Instead of acquiring the MMU lock in the arch-generic code, force each
implementation of kvm_arch_mmu_enable_log_dirty_pt_masked to acquire the
MMU lock as needed. This is in preparation for performing eager page
splitting in the x86 implementation of
kvm_arch_mmu_enable_log_dirty_pt_masked, which involves dropping the MMU
lock in write-mode and re-acquiring it in read mode (and possibly
rescheduling) during splitting.

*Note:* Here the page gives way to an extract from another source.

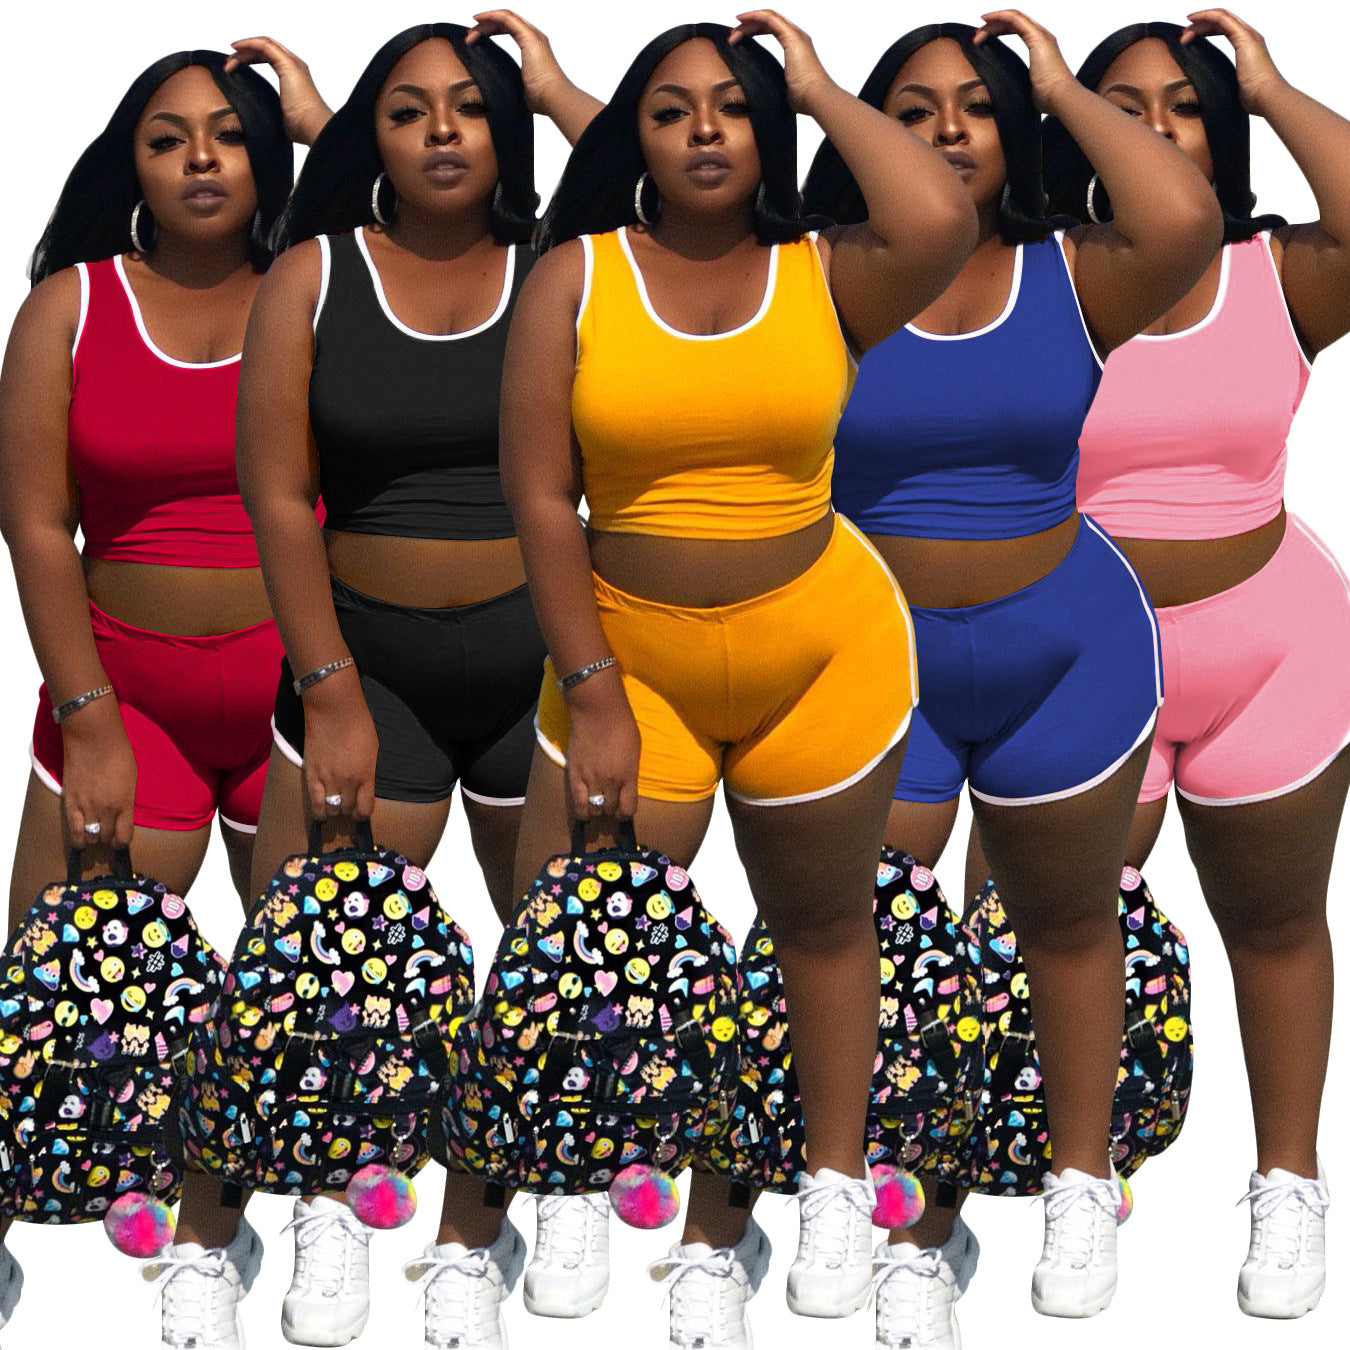 Plus size two piece sportswear gym crop top shorts sets fitness exercise workout yoga tracksuit running workout

Pushing the MMU lock down into the
arch code makes the x86 synchronization much easier to reason about, and
does not harm readability of other architectures.

This should be a safe change because:

* No architecture requires a TLB flush before dropping the MMU lock.
* The dirty bitmap does not need to be synchronized with changes to the
  page tables by the MMU lock as evidenced by the fact that x86 modifies
  the dirty bitmap without acquiring the MMU lock in fast_page_fault.

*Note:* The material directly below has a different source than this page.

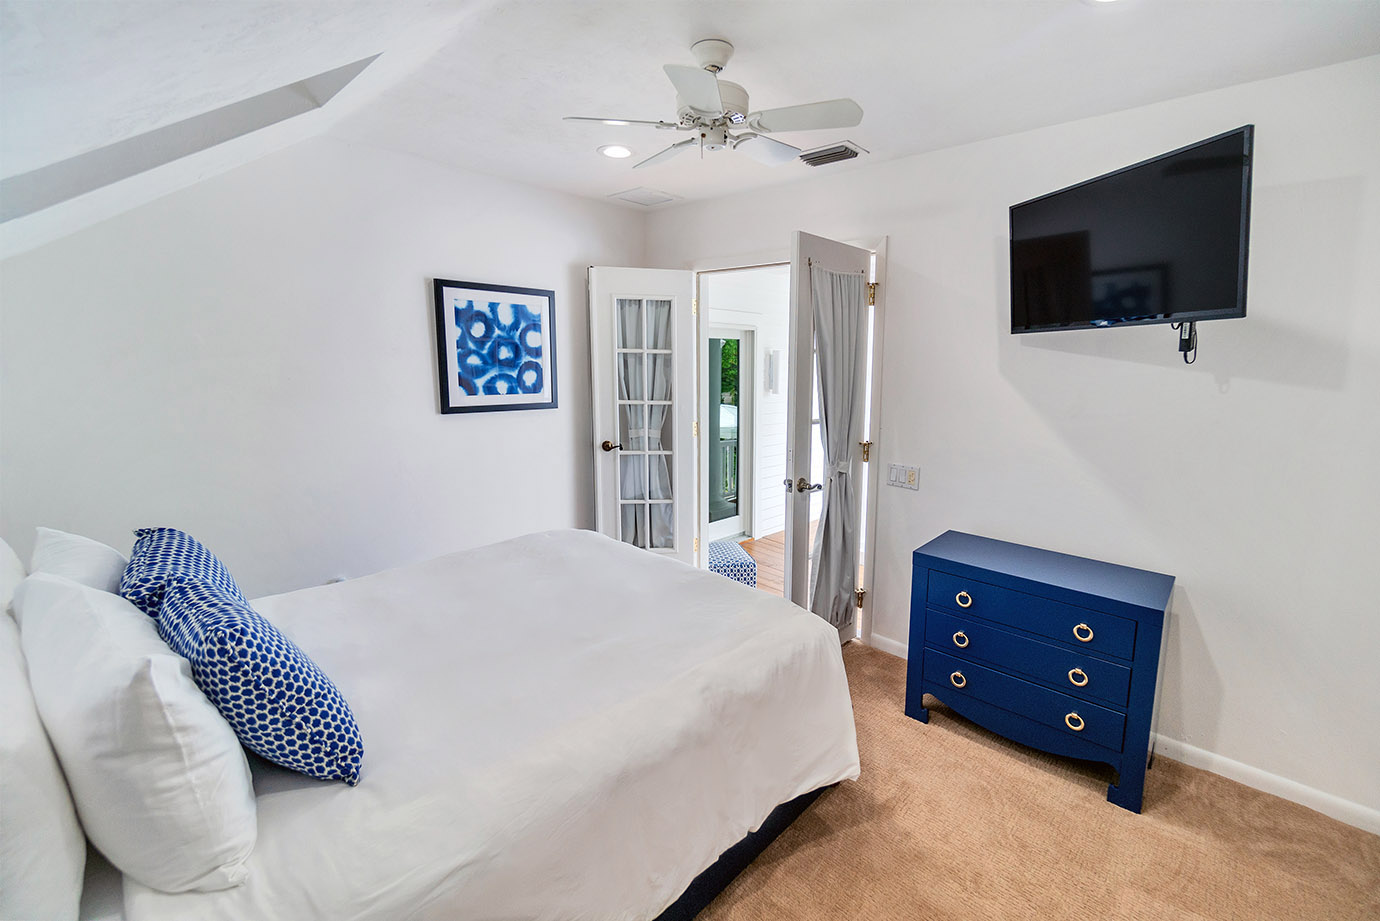 Bedroom in the Captiva Island, FL Sea Oats Estate with a bed with white bedding and pillows, two decorative navy and white pillows, a blue dresser with gold handles, a tv on the wall and french doors leading to the patio

This change does increase the number of times the MMU lock is acquired
and released during KVM_CLEAR_DIRTY_LOG, but this is not a performance
critical path and breaking up the lock duration may reduce contention
on vCPU threads.

Signed-off-by: David Matlack <dmatlack@google.com>
---
 arch/arm64/kvm/mmu.c   | 2 ++
 arch/mips/kvm/mmu.c    | 5 +++--
 arch/riscv/kvm/mmu.c   | 2 ++
 arch/x86/kvm/mmu/mmu.c | 4 ++++
 virt/kvm/dirty_ring.c  | 2 --
 virt/kvm/kvm_main.c    | 4 ----
 6 files changed, 11 insertions(+), 8 deletions(-)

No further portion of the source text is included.